Collected material:
┏━━
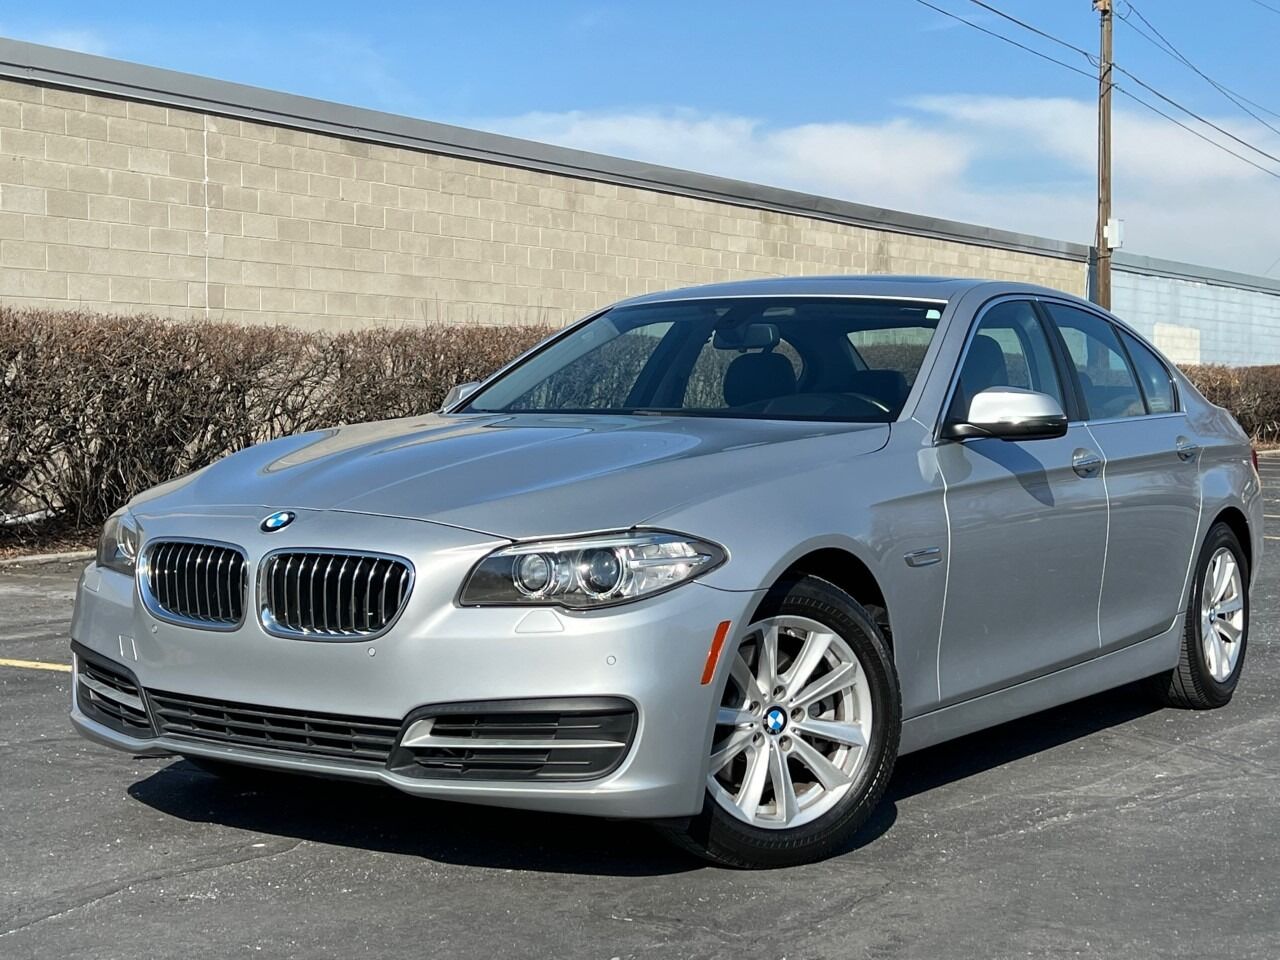 2014 BMW 5 Series For Sale In Ogden, UT - Carsforsale.com®
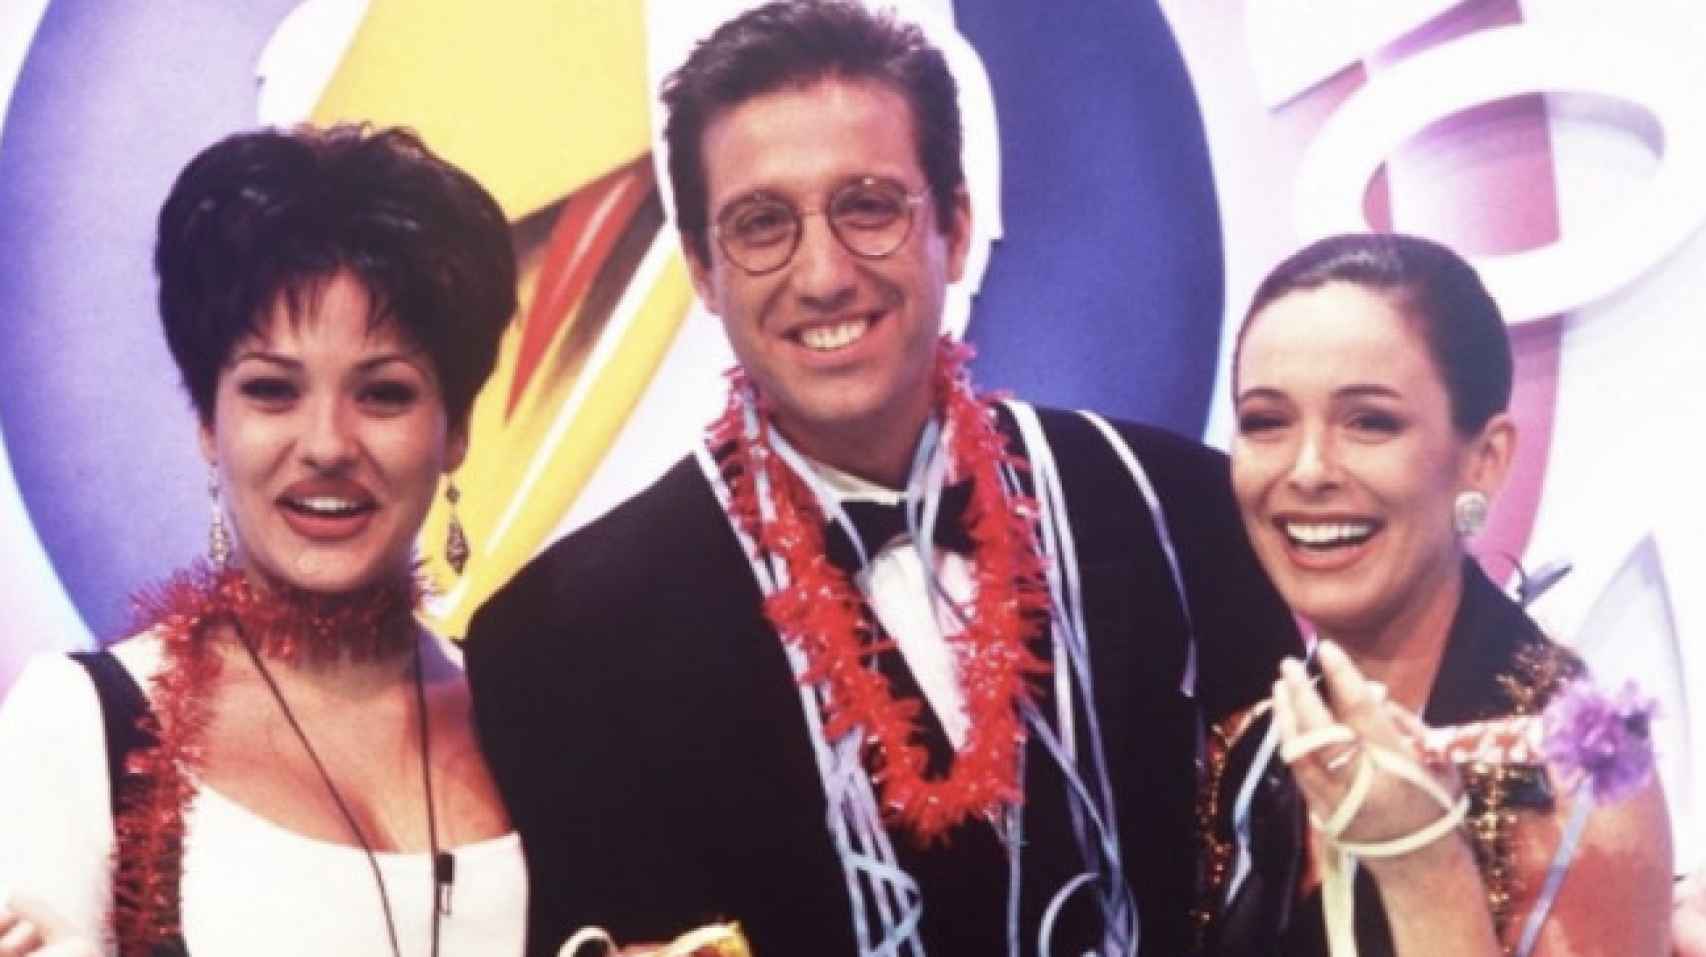 Los presentadores del Juego de la oca. De izquierda a derecha: Patricia Pérez, Emilio Aragón y Lydia Bosch.
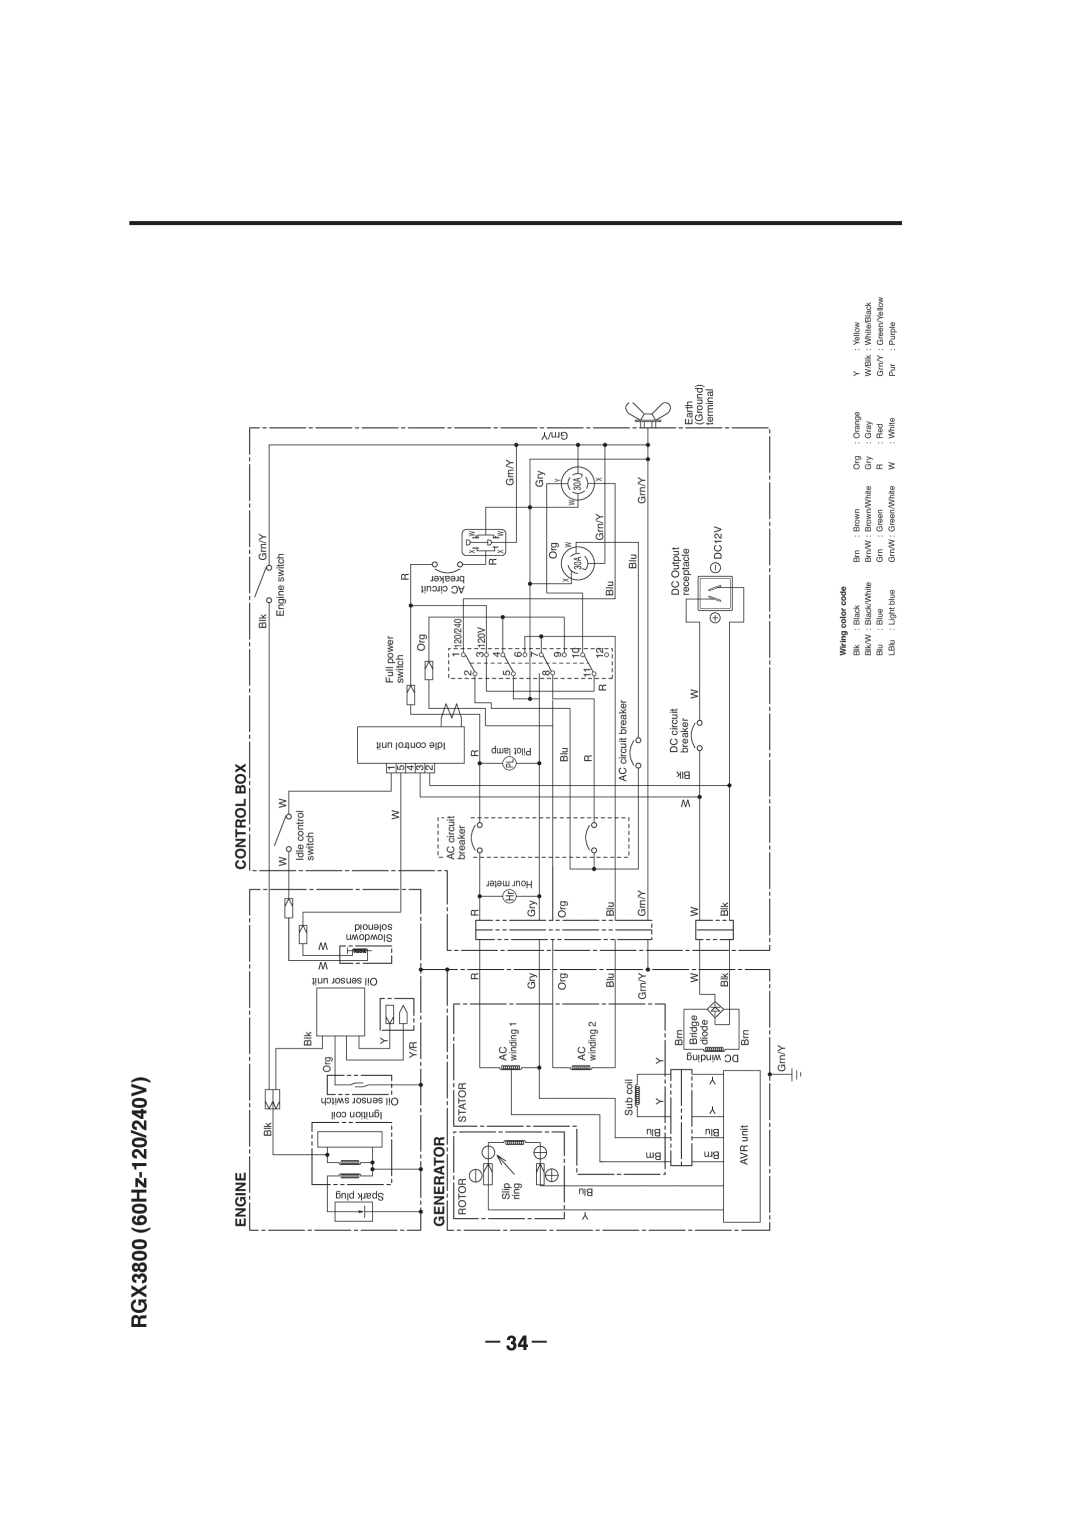 Subaru RGX7100, RGX7800, RGX3000, RGX5100 manual － 34－, RGX3800 60Hz-120/240V, Engine, Generator, Control Box
┗━━
Would you set down the material exactly as it stands, without the pictures?

Task solution:
 2014 BMW 5 Series For Sale In Ogden, UT - Carsforsale.com®
 Los presentadores del Juego de la oca. De izquierda a derecha: Patricia Pérez, Emilio Aragón y Lydia Bosch.
 Subaru RGX7100, RGX7800, RGX3000, RGX5100 manual － 34－, RGX3800 60Hz-120/240V, Engine, Generator, Control Box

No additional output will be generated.